• **Work instruction**: I'd like the listing below copied exactly, with the images left out.

• **Information supplied**:
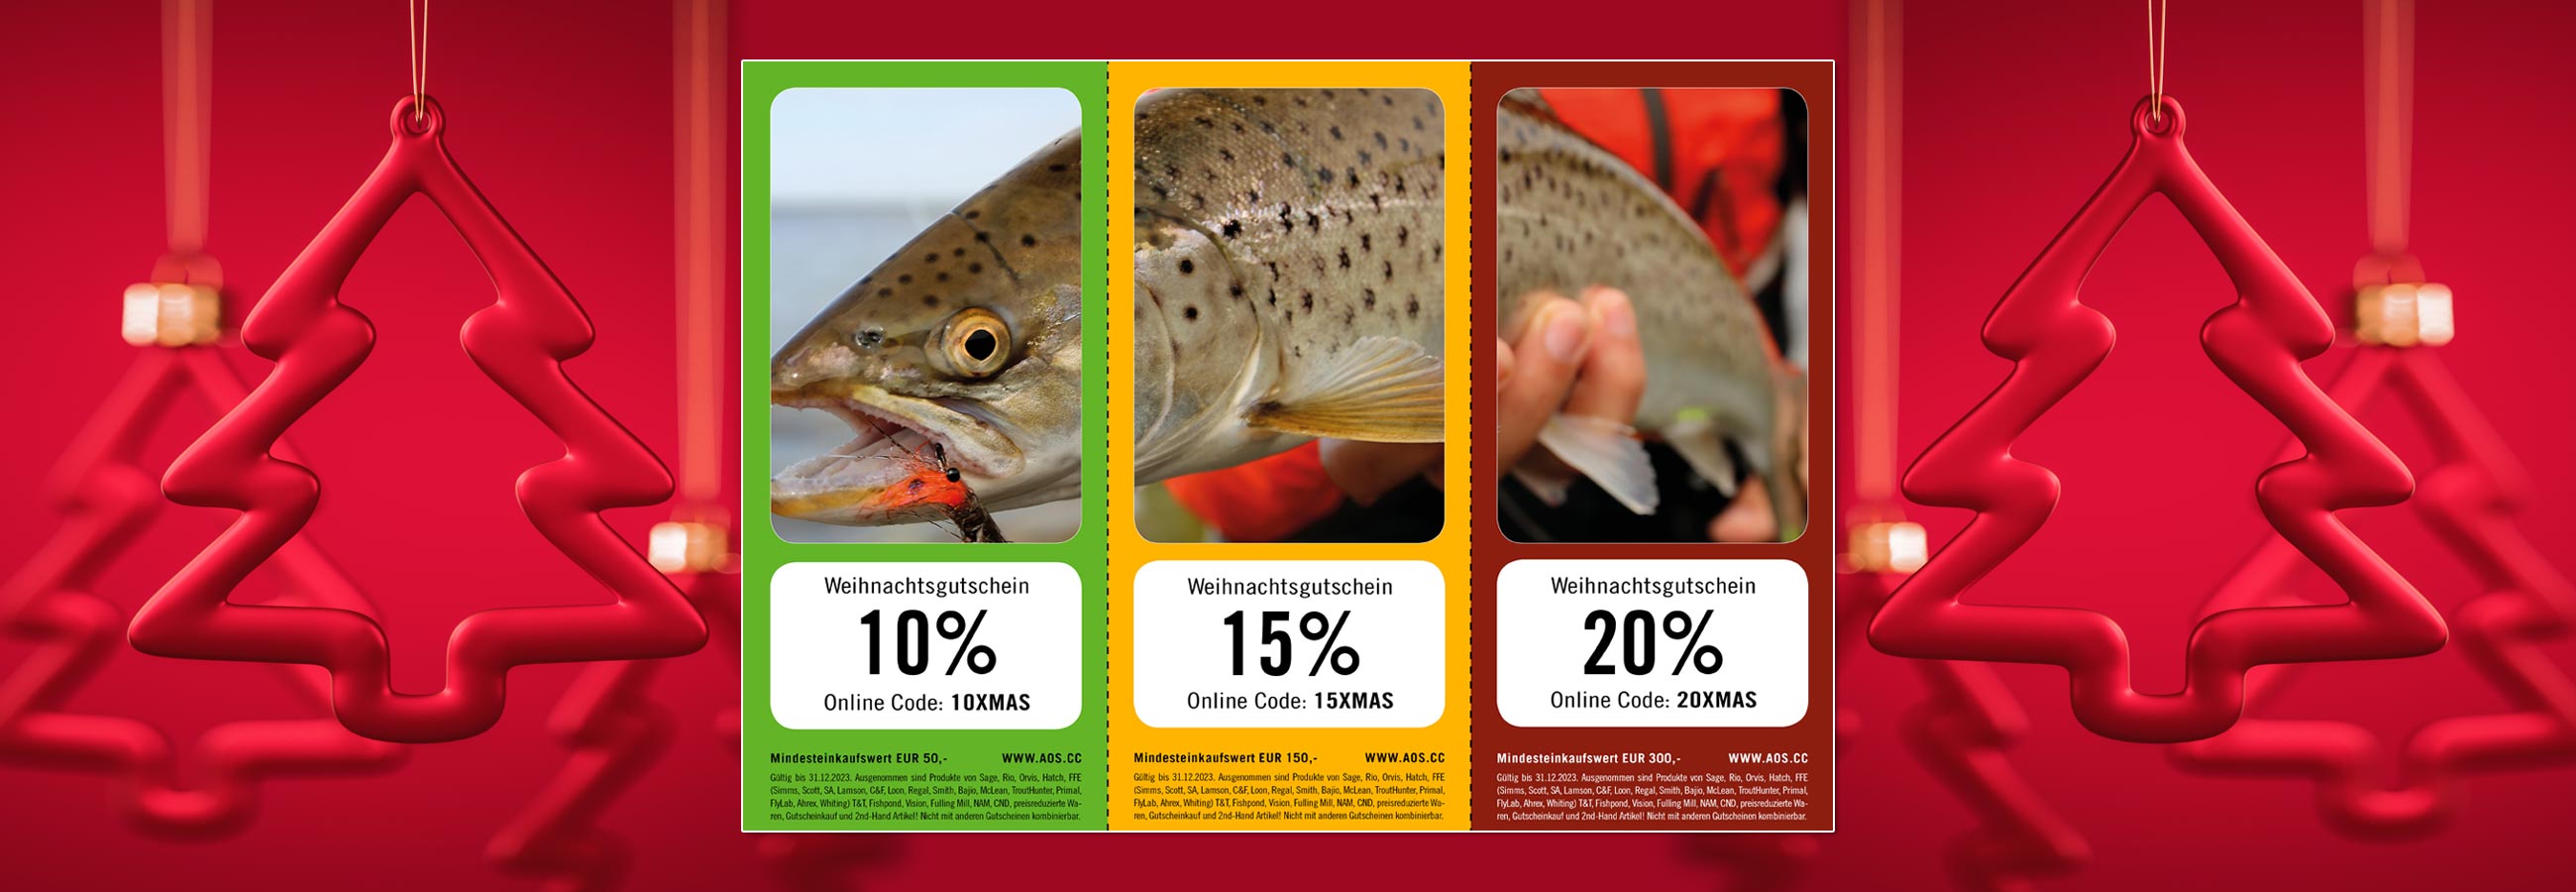 Fliegenfischen - Fliegenbinden - bis zu 20% sparen! AOS Weihnachtsgutscheine
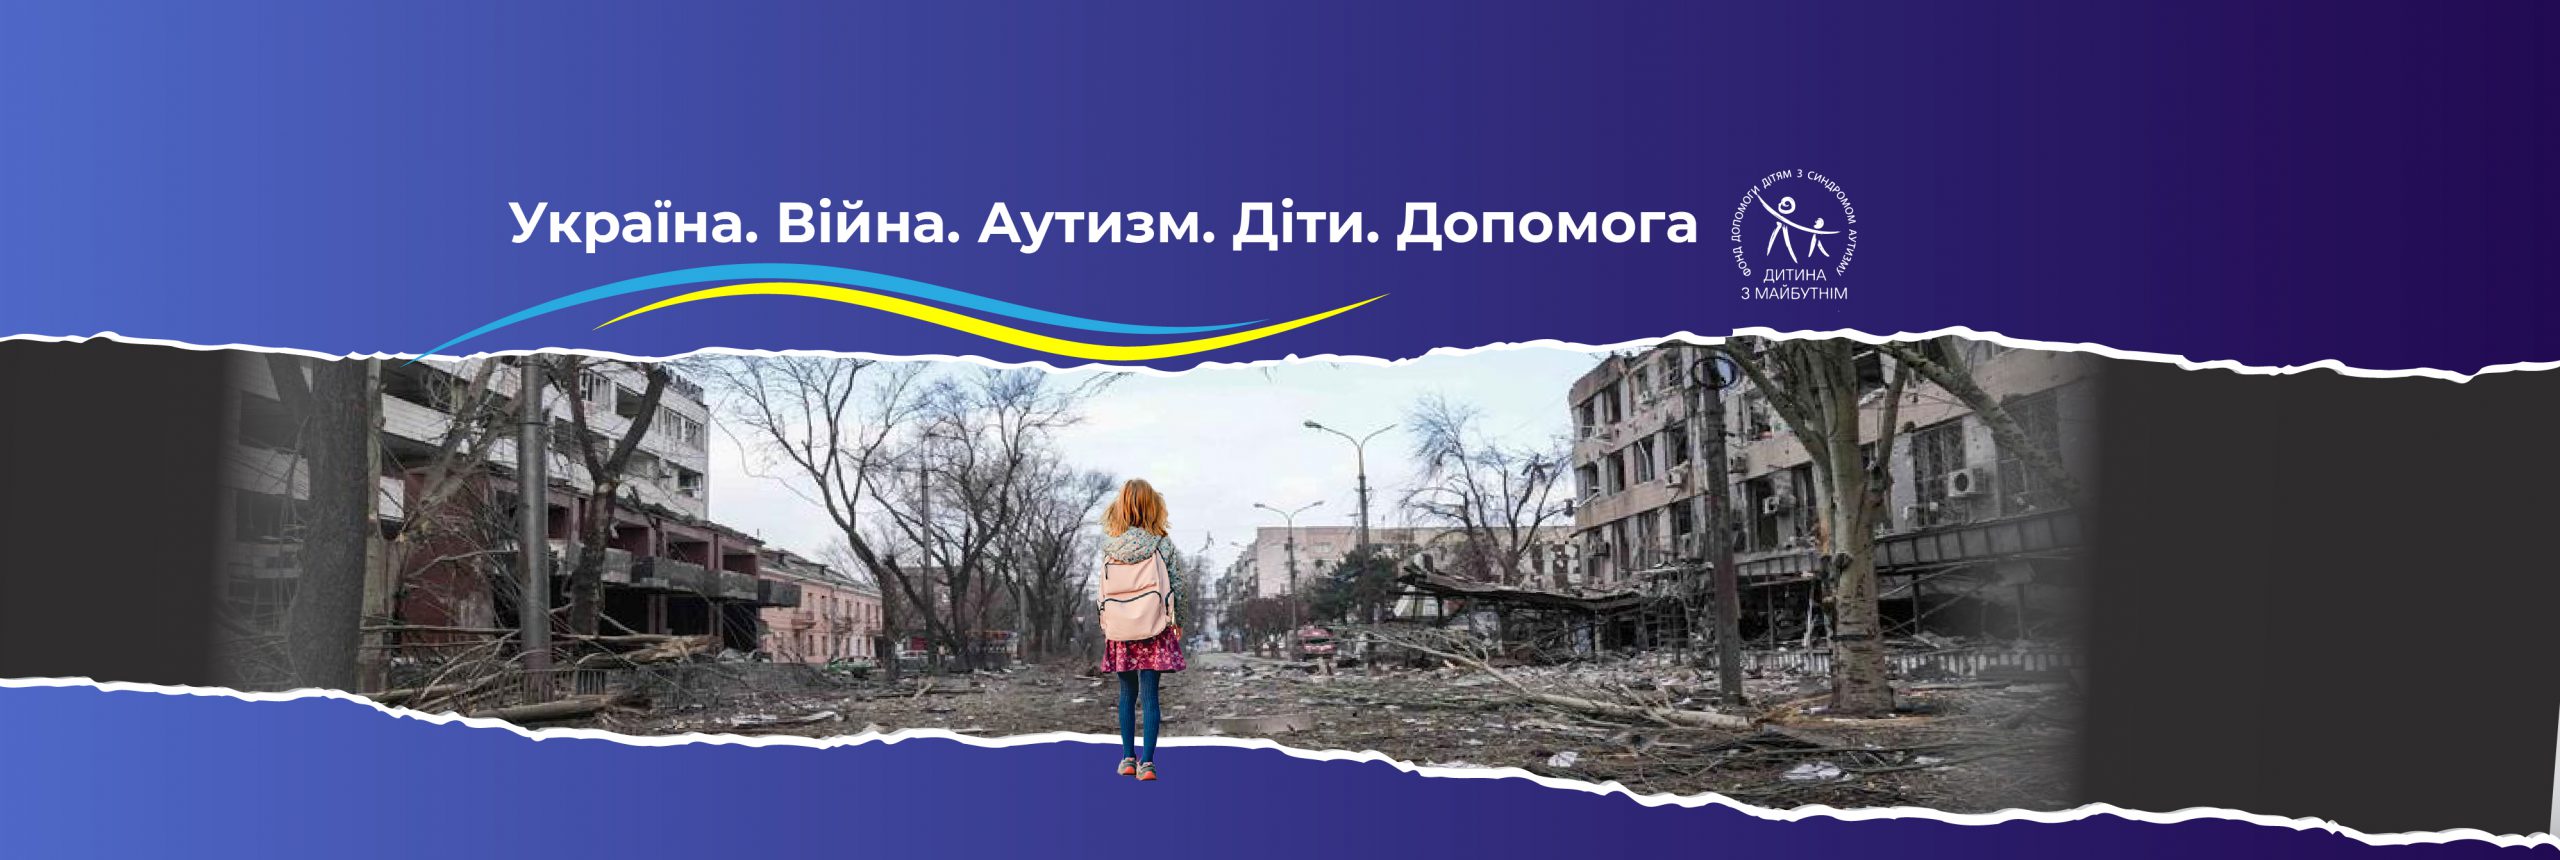 Объявляем сбор средств по всему миру для помощи детям Украины
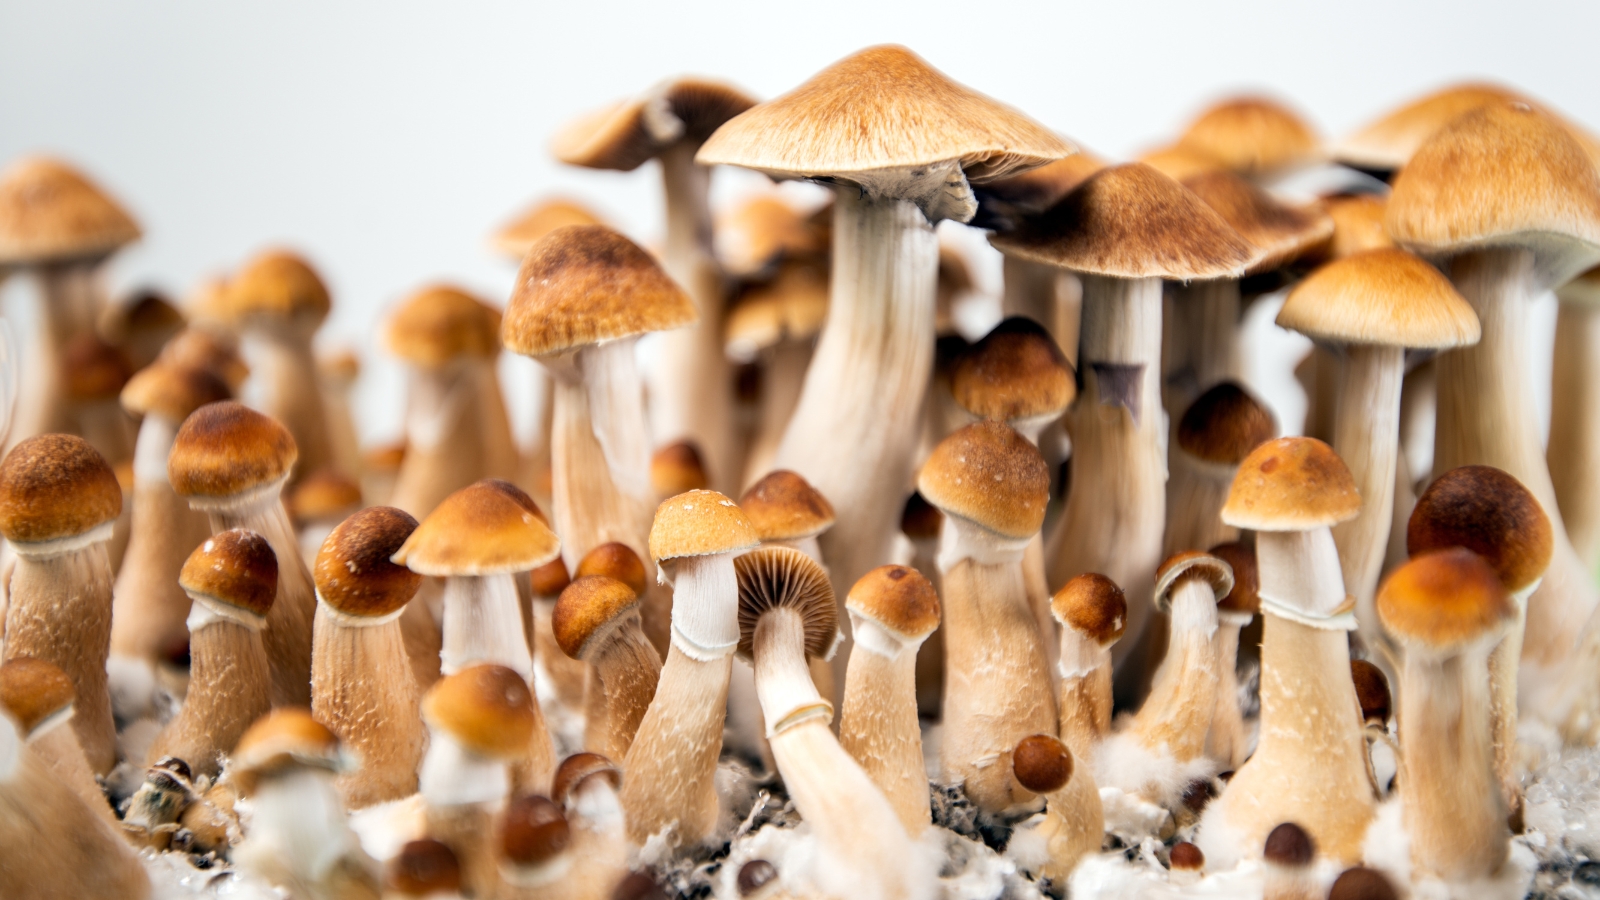 Mushrooms in cambodia

• **Exercise answer**:
 Fliegenfischen - Fliegenbinden - bis zu 20% sparen! AOS Weihnachtsgutscheine
 Объявляем сбор средств по всему миру для помощи детям Украины
 Mushrooms in cambodia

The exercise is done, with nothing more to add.